Analysts are wary. Renewable energy stock prices have soared in the past only to plunge again. Solyndra and other Western solar-cell manufacturers collapsed because of a glut of cheap solar cells from China. Uncertainty over the renewal of clean-energy subsidies has added to the peaks and valleys of investment, because clean-energy companies would struggle without government incentives. An added reason for hesitation: Hydraulic fracturing (fracking) has made natural gas abundant and remarkably cheap, making it tougher for renewables to compete.

Nevertheless, industry consolidation and steadily rising demand has improved the footing of the best solar industry manufacturers. They expect their margins to keep improving. Then there are all those cheap solar panels.

In the past, "the residential solar industry was effectively a market where wealthy individuals and early adopters who were interested in being environmentally conscious would pay more for getting solar electricity," says Mr. Kreamer. Now, consumers go solar because they are "paying less for solar electricity than they paid in their utility bills."

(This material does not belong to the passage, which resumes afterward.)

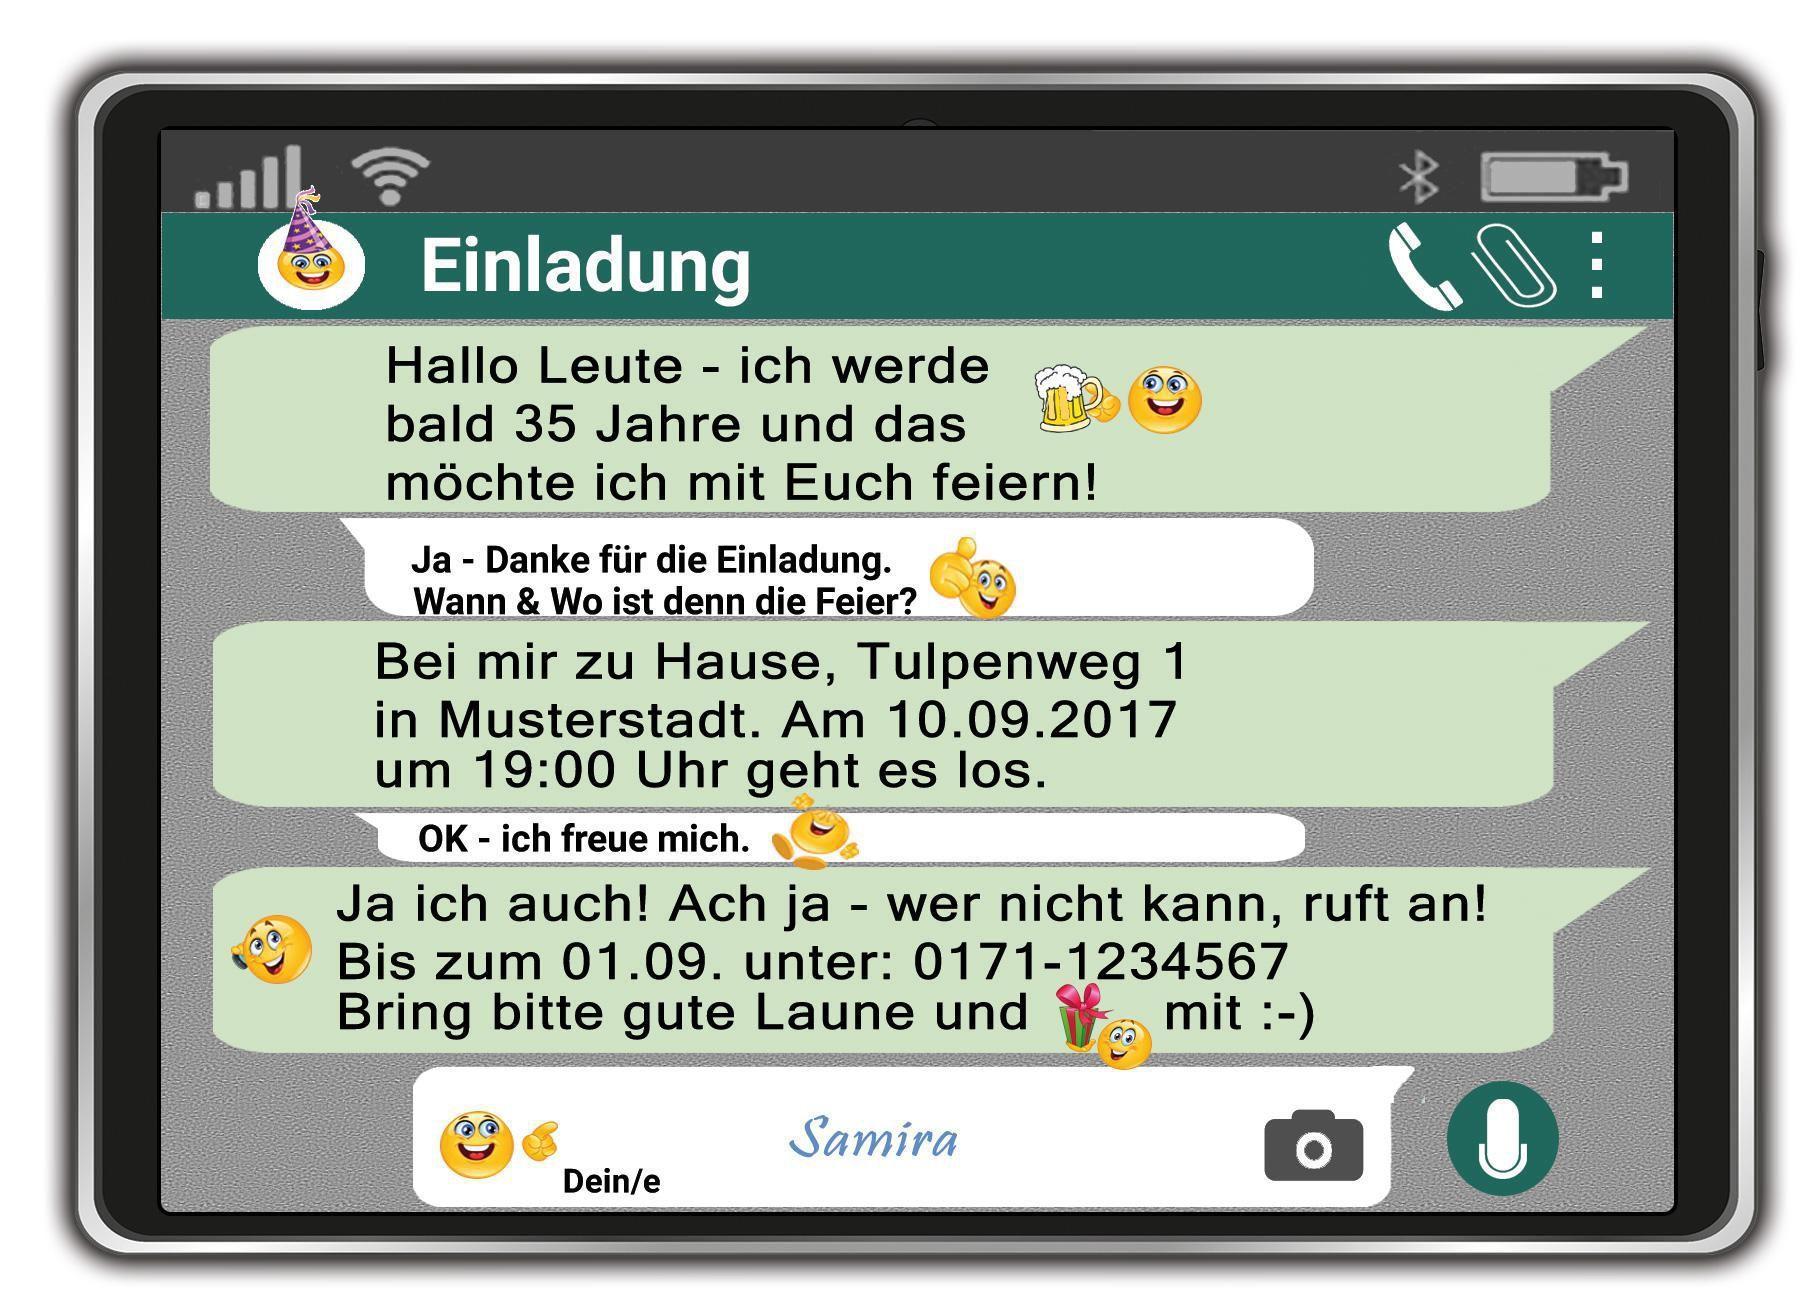 Geburtstagseinladung Whatsapp Kostenlos | Geburtstagseinladungen ...

Since residential solar lowers consumers' electricity costs and since consumers are used to paying their monthly electricity bills, financing rooftop solar installations provides high returns at low risk, he adds. "The massive growth in deployment of renewable energy" gives investors the opportunity to buy "a bondlike instrument with low credit risk and a return that exceeds junk bond returns." He says that as more people learn about clean energy's sound fundamentals and robust growth, more individual investors will reap the handsome returns already flowing to major investors like Google and Goldman Sachs.